* INFORMATION SUPPLIED
□ □ □ □

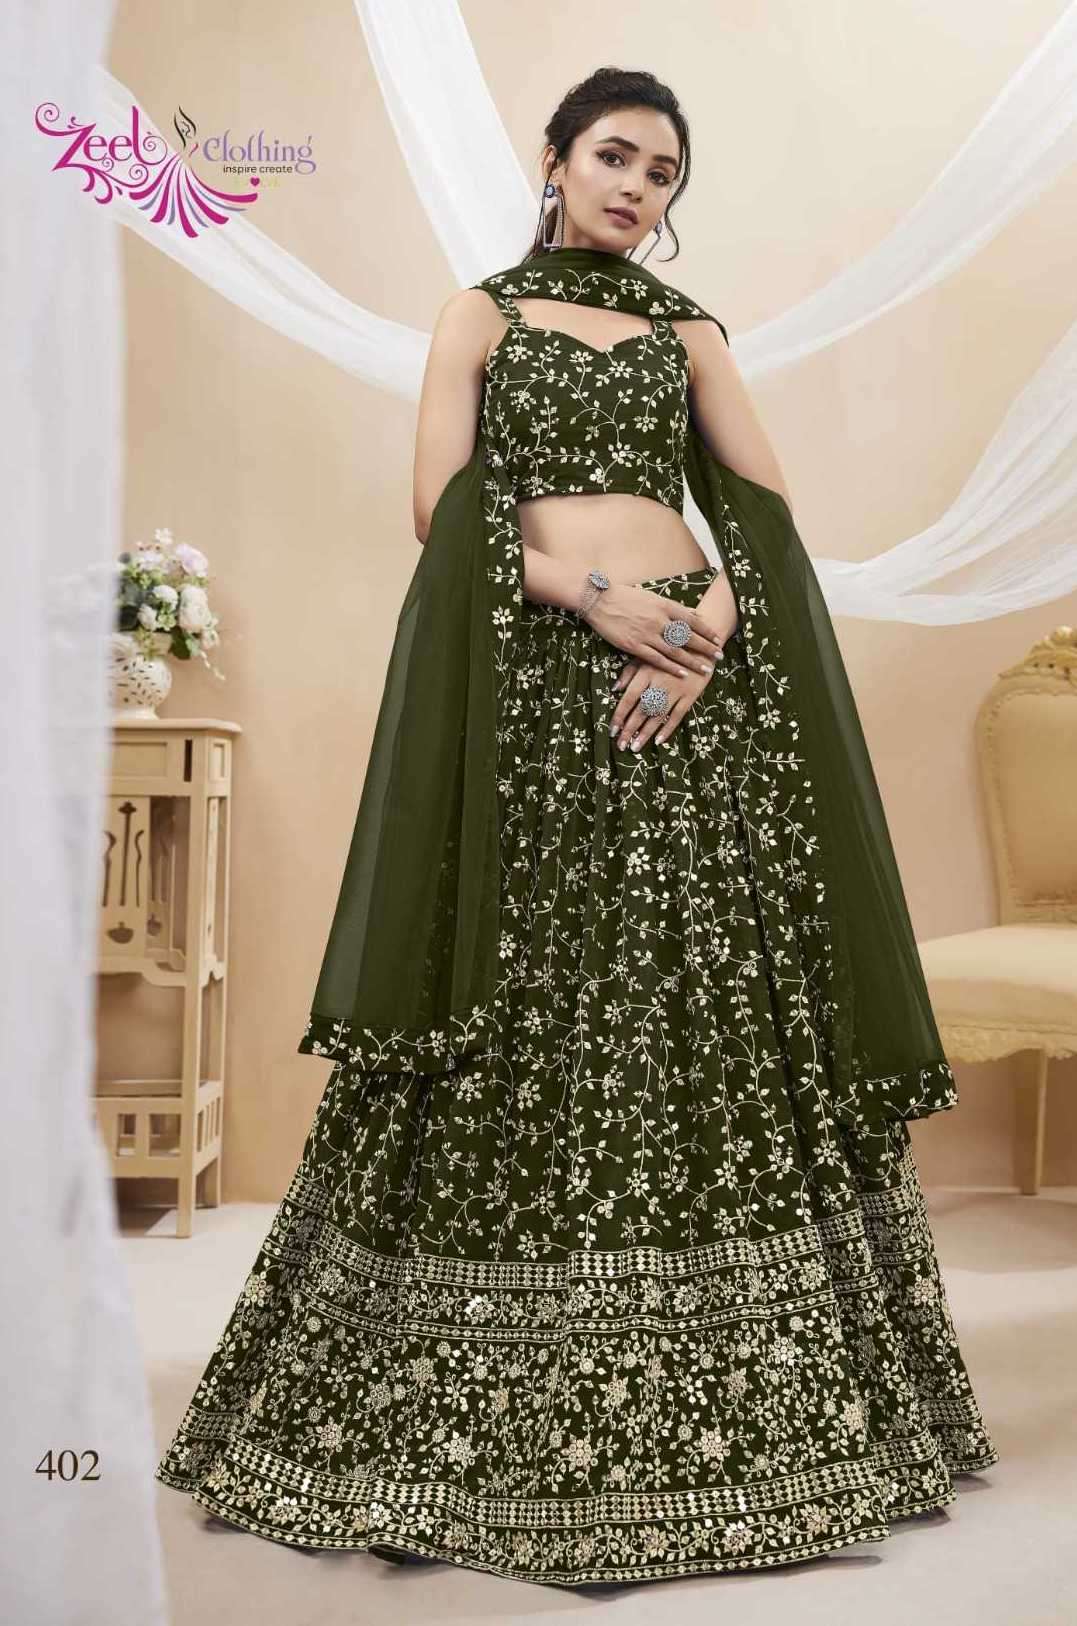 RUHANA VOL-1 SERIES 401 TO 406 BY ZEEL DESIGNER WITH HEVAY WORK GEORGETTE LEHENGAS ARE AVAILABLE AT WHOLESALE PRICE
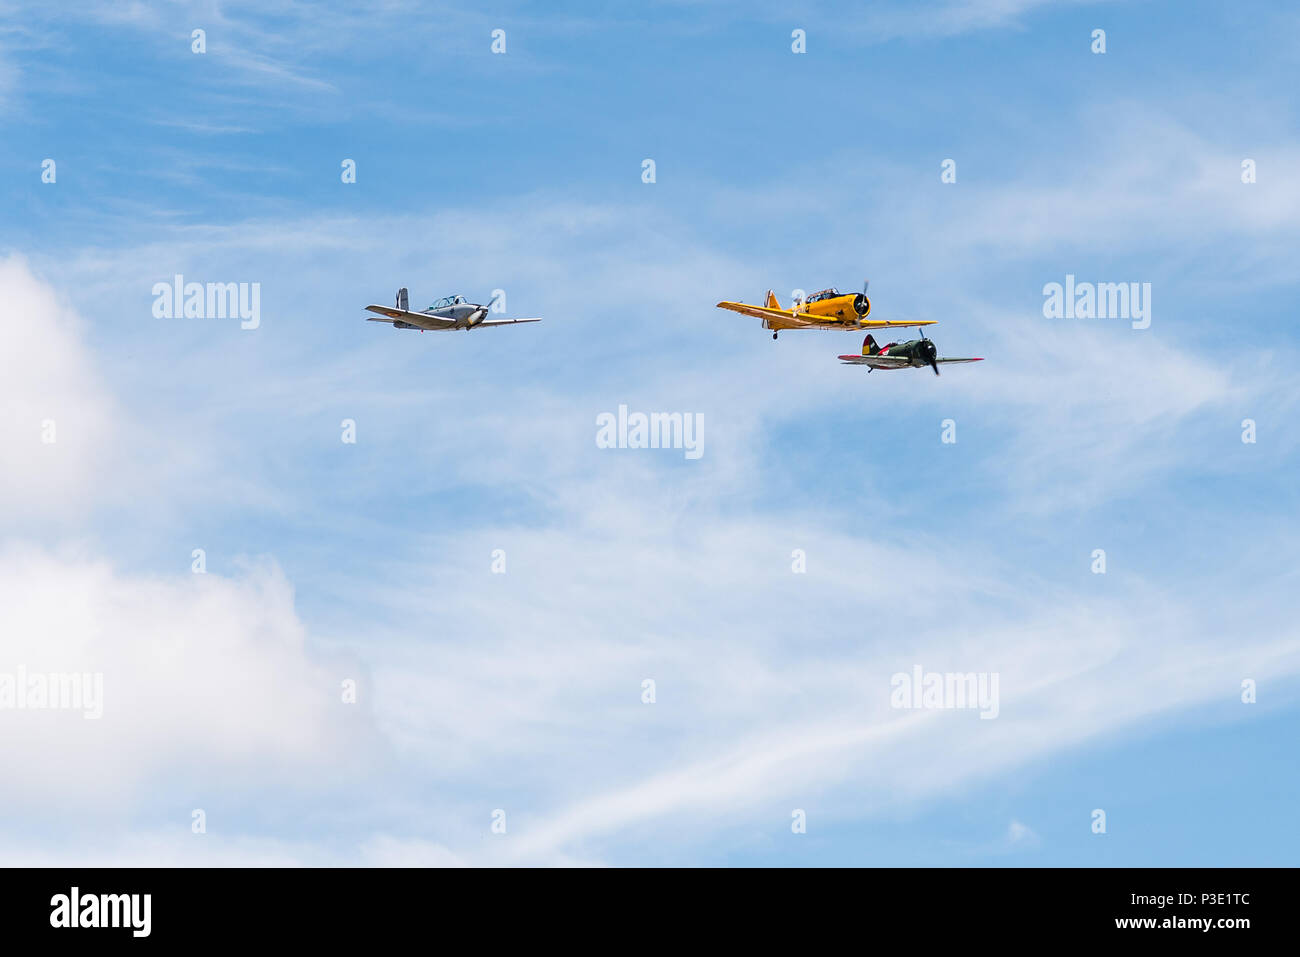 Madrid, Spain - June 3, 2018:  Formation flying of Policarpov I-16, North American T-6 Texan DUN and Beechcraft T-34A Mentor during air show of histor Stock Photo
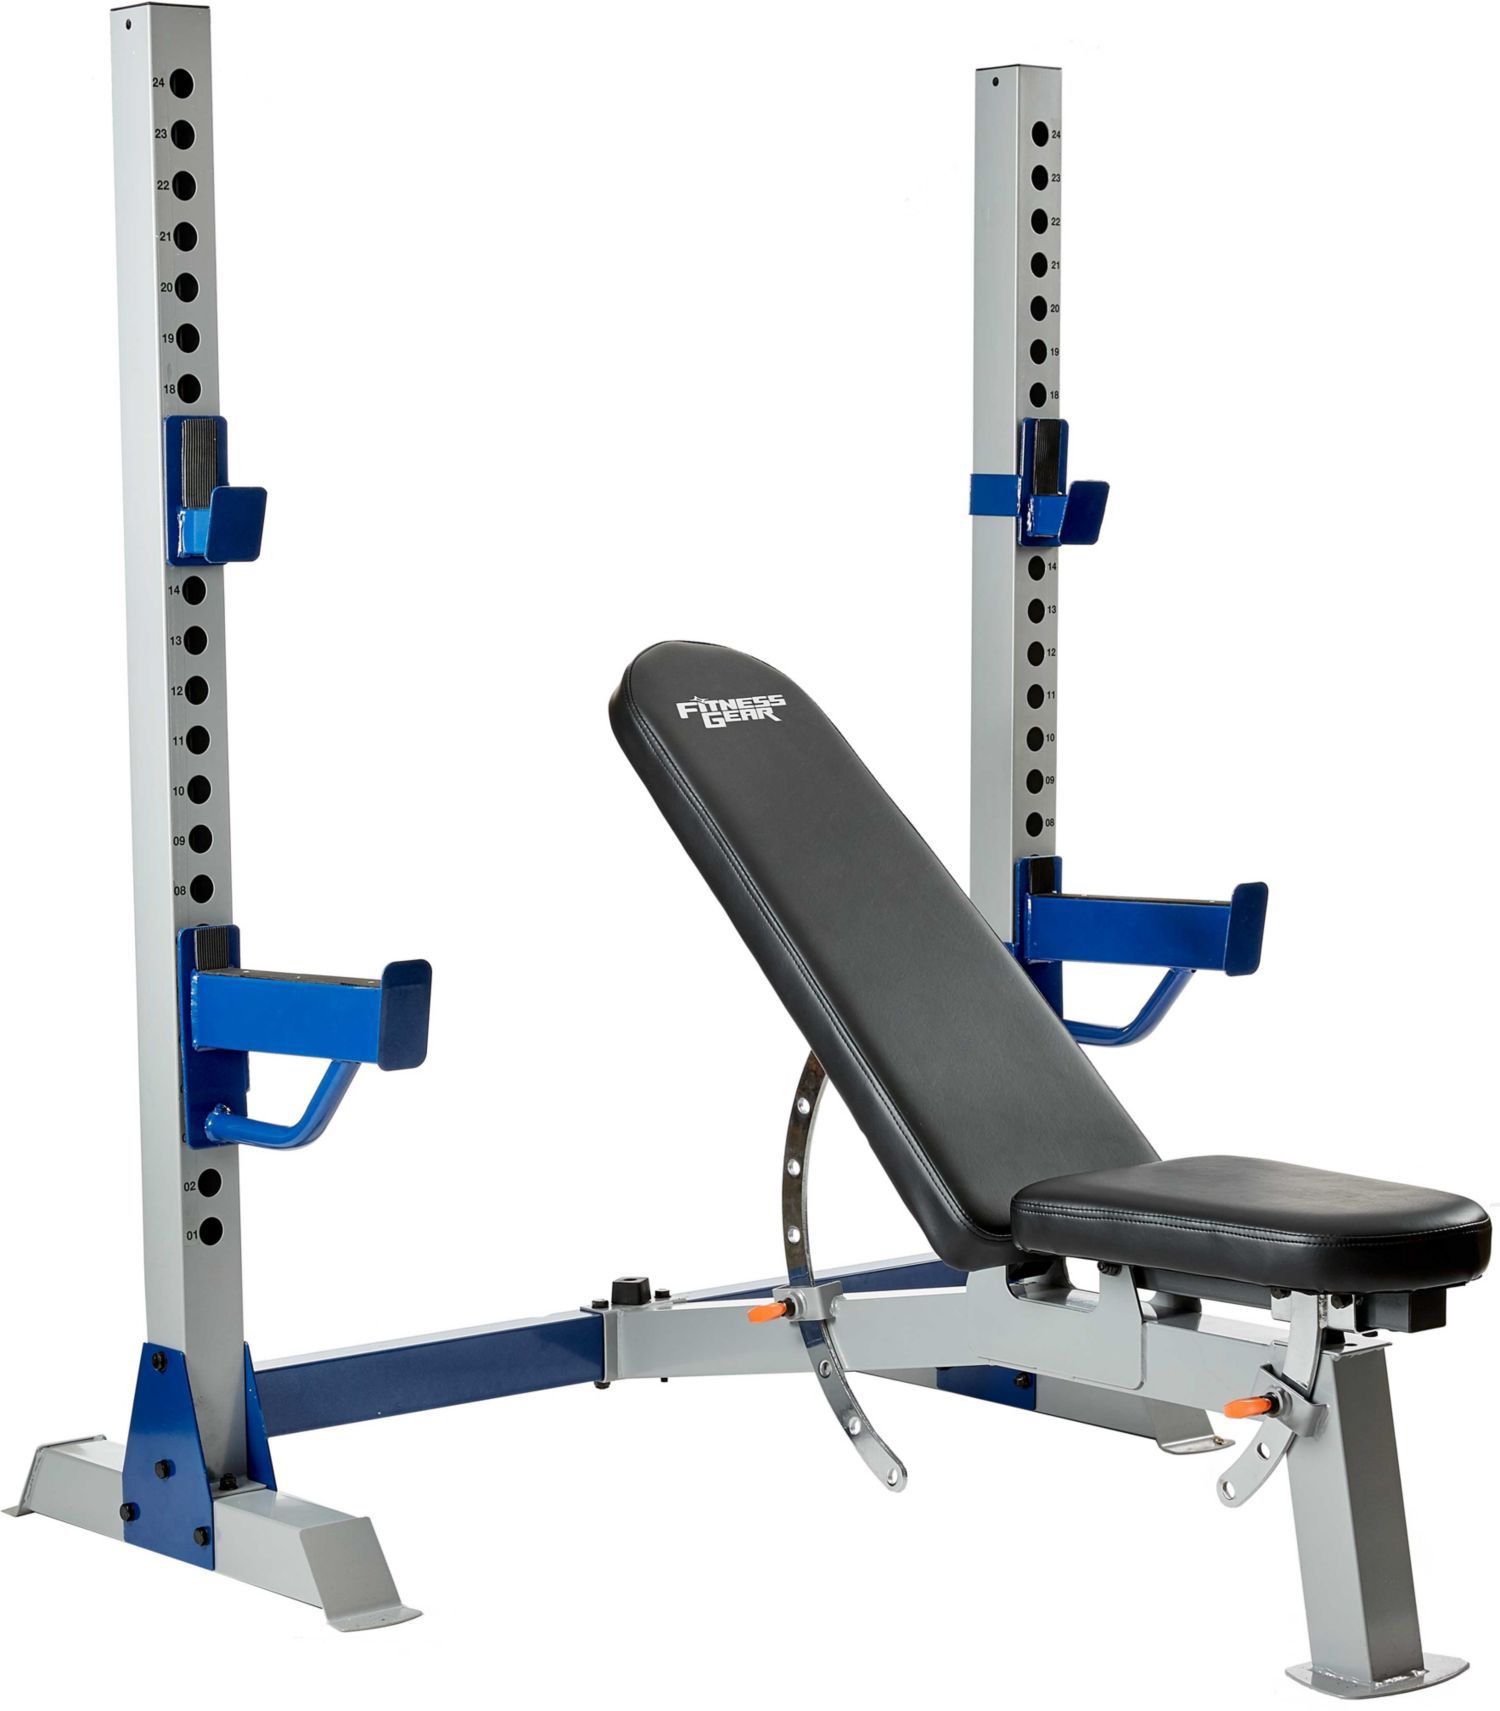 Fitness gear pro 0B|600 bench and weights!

□ □ □ □

* TASK STATEMENT
Transcribe all of the listing precisely. The images stay out of it.

* RESPONSE FOR THIS EXERCISE
 RUHANA VOL-1 SERIES 401 TO 406 BY ZEEL DESIGNER WITH HEVAY WORK GEORGETTE LEHENGAS ARE AVAILABLE AT WHOLESALE PRICE
 Madrid, Spain - June 3, 2018:  Formation flying of Policarpov I-16, North American T-6 Texan DUN and Beechcraft T-34A Mentor during air show of histor Stock Photo
 Fitness gear pro 0B|600 bench and weights!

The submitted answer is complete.